Maybe calling my life wreckage, as was pointed out by a friend, may be a bit of an overstatement. Beautiful disaster might be closer to the truth. It’s not perfect by any means but it’s certainly not that bad. It just feels like a train wreck sometimes. Especially lately with Patrick and Cherie mucking up my existence.
On the other hand, the bane of my afternoon is on vacation for 2 weeks so work will be a breath of fresh air for a little while at least.
I’m forcing myself to drink more water as my resolution to get healthier. My body needs to stay hydrated and I need to flush out the bad crap and start all over again. I’m keeping a small paper cup at my desk and every time I walk to the back of the office toward the water cooler, I take it with and force myself to down a cup. I’m on cup number 2 since this resolution.

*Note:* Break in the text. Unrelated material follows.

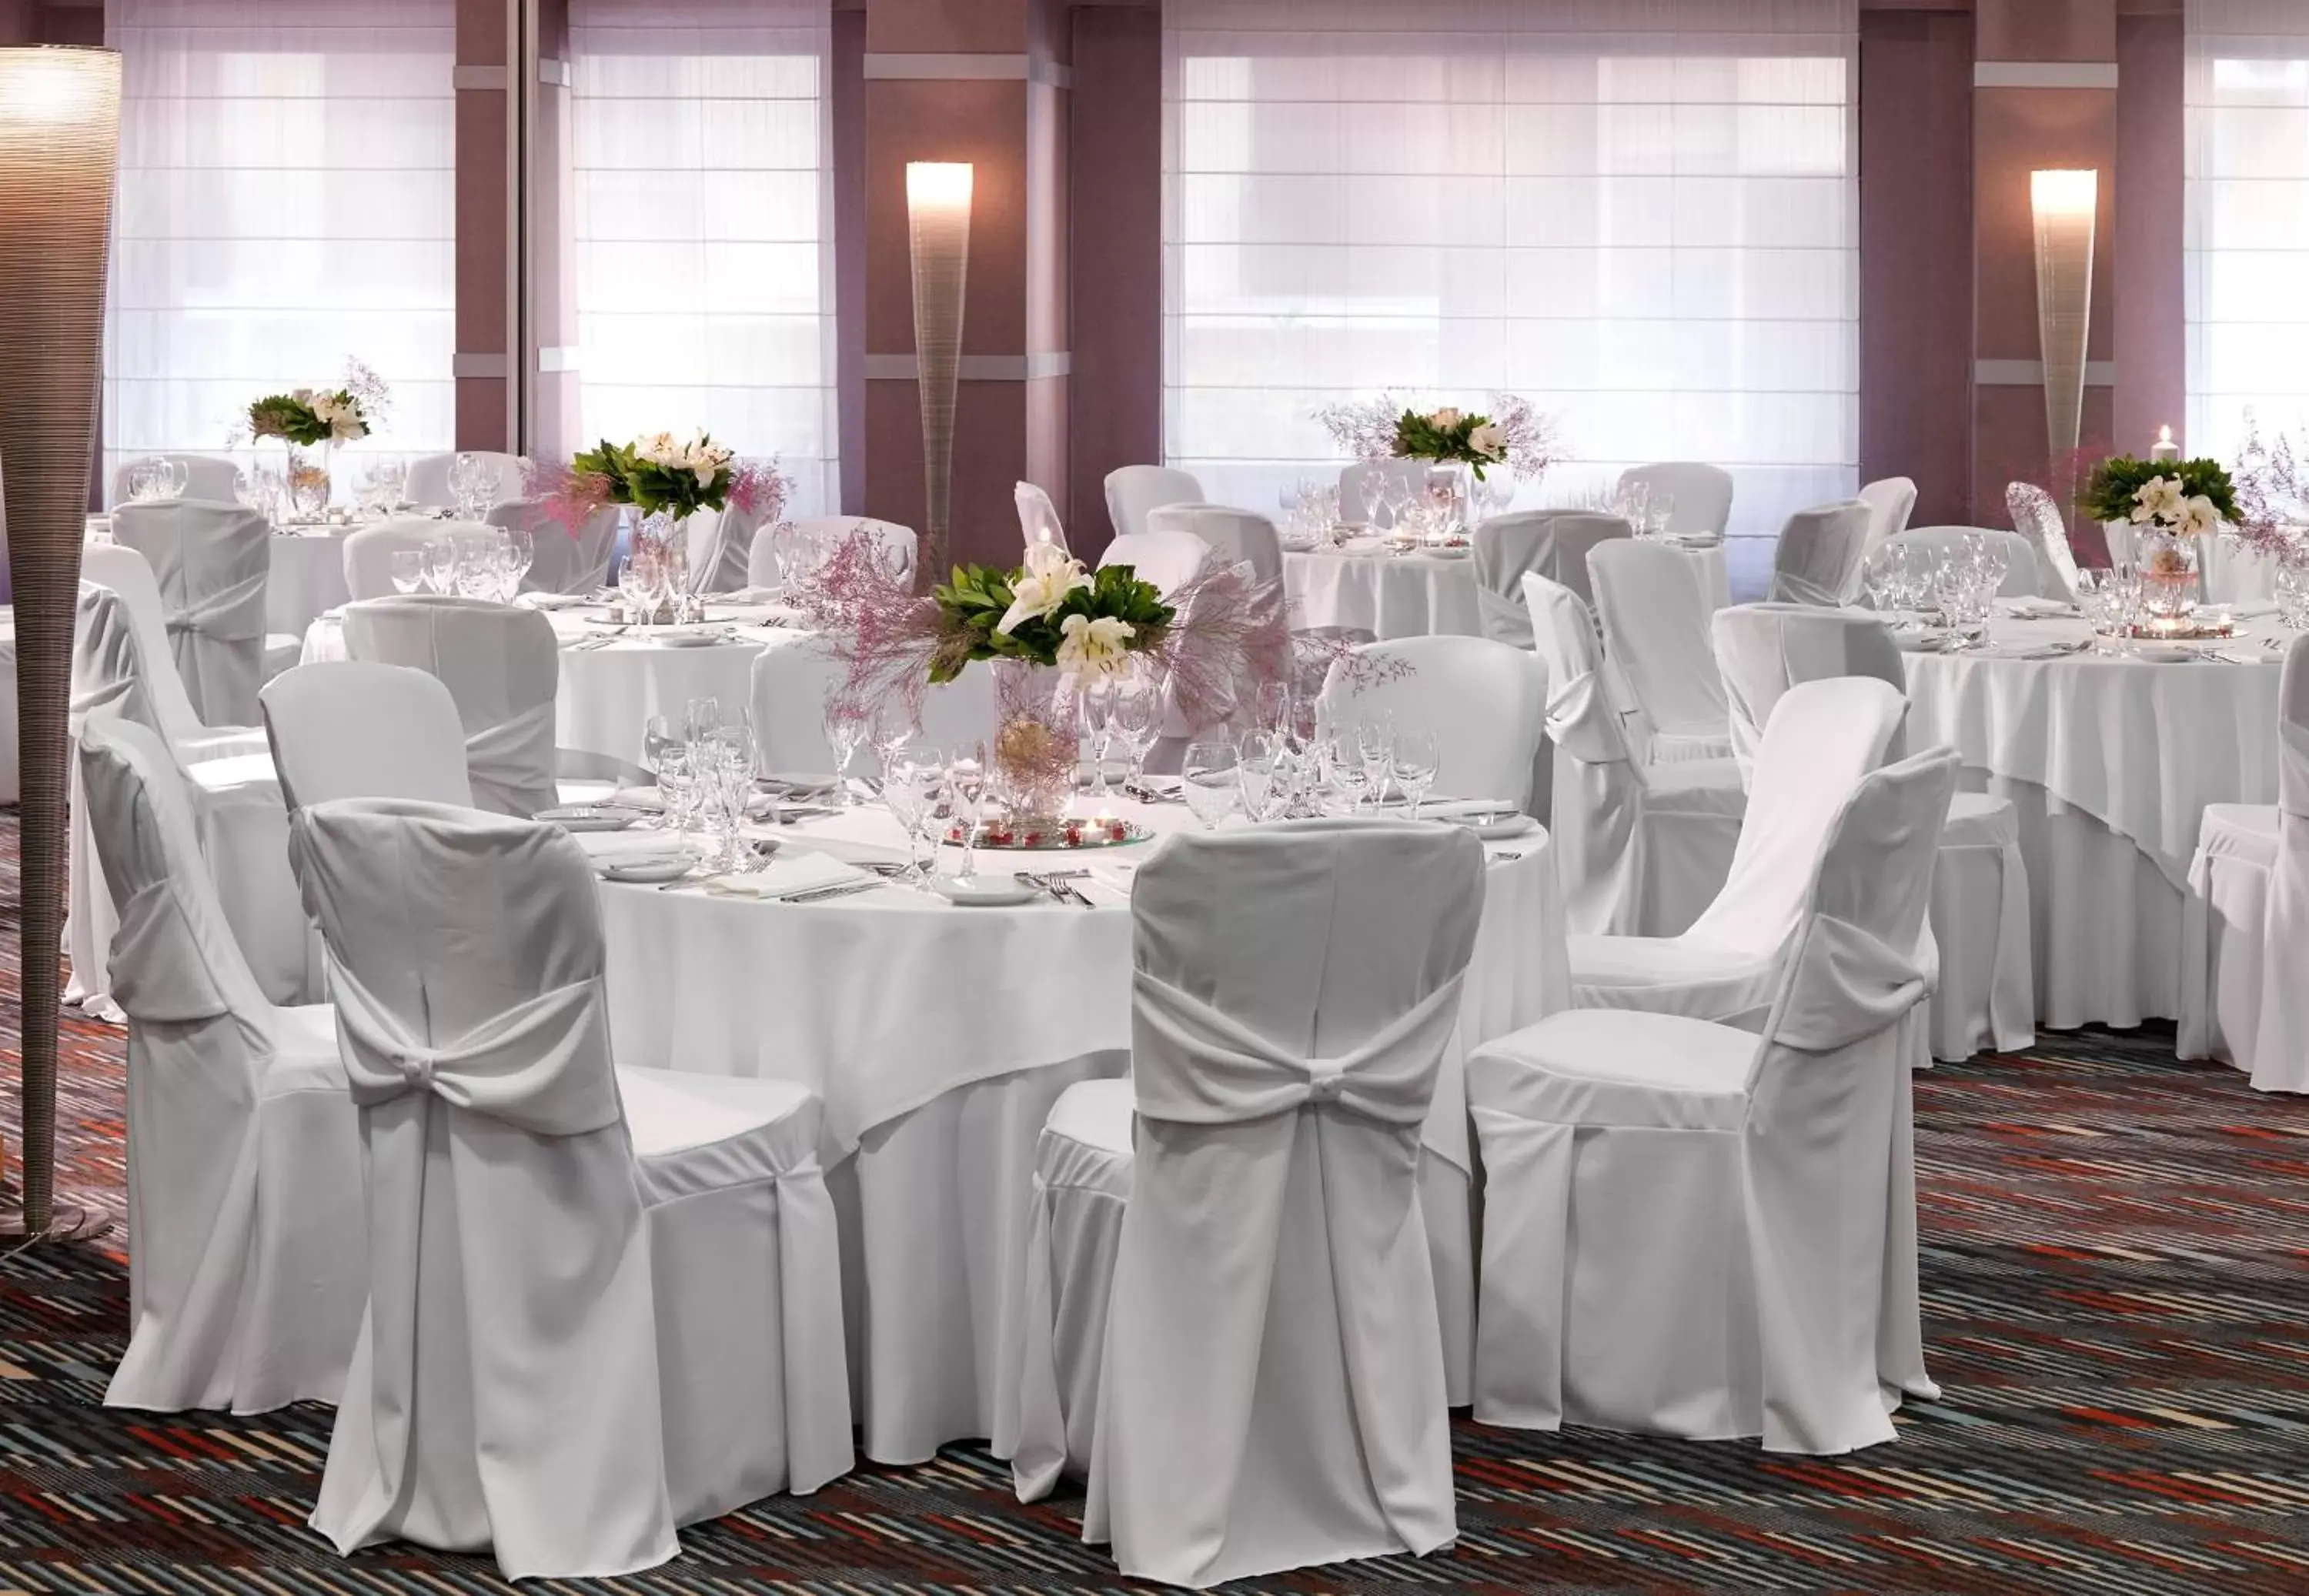 Banquet/Function facilities, Banquet Facilities in Crowne Plaza Athens City Centre, an IHG Hotel

I’m working on a writing commission for someone, writing the next chapter of a short story someone wrote for her once. It’s been a nice exercise in creativity for me. I’m going through it ok, getting a good plot going. I wonder if I’m trying to force too much into it since it’s only supposed to be a short story. It’s 3 typed (double spaced) pages right now and growing whenever I get the urge here and there.
By the way, “Falling in Love at a Coffee Shop” is, like, the creepiest song ever. It makes me think of stalkers and stuff. And, besides, no man should ever sing that high without getting kicked in the balls first.
Also, easy listening stations are the worst! I listen to that at work (or slowly go insane listening to the constant chatter around me. Cubicles suck.) and I hear the same 10 songs over and over and over. I guess what’s considered “easy listening” appropriate boils down to repeated Elton John, Taylor Swift, Nickleback, REO Speedwagon, and Cyndi Lauper songs. They throw in a little 80’s and a little 2010 but it’s still pretty reliable. If I ever get a hankering to hear “These Dreams” by Heart all I have to do is listen for an hour and sure enough, hankering solved.
Still, you have to respect that kind of predictability. If more things were that regularly predictable, we might be better off.
If only my new boss considered being that reliable, I might not be considering finding a new job.
Day 2 - 363 left to go.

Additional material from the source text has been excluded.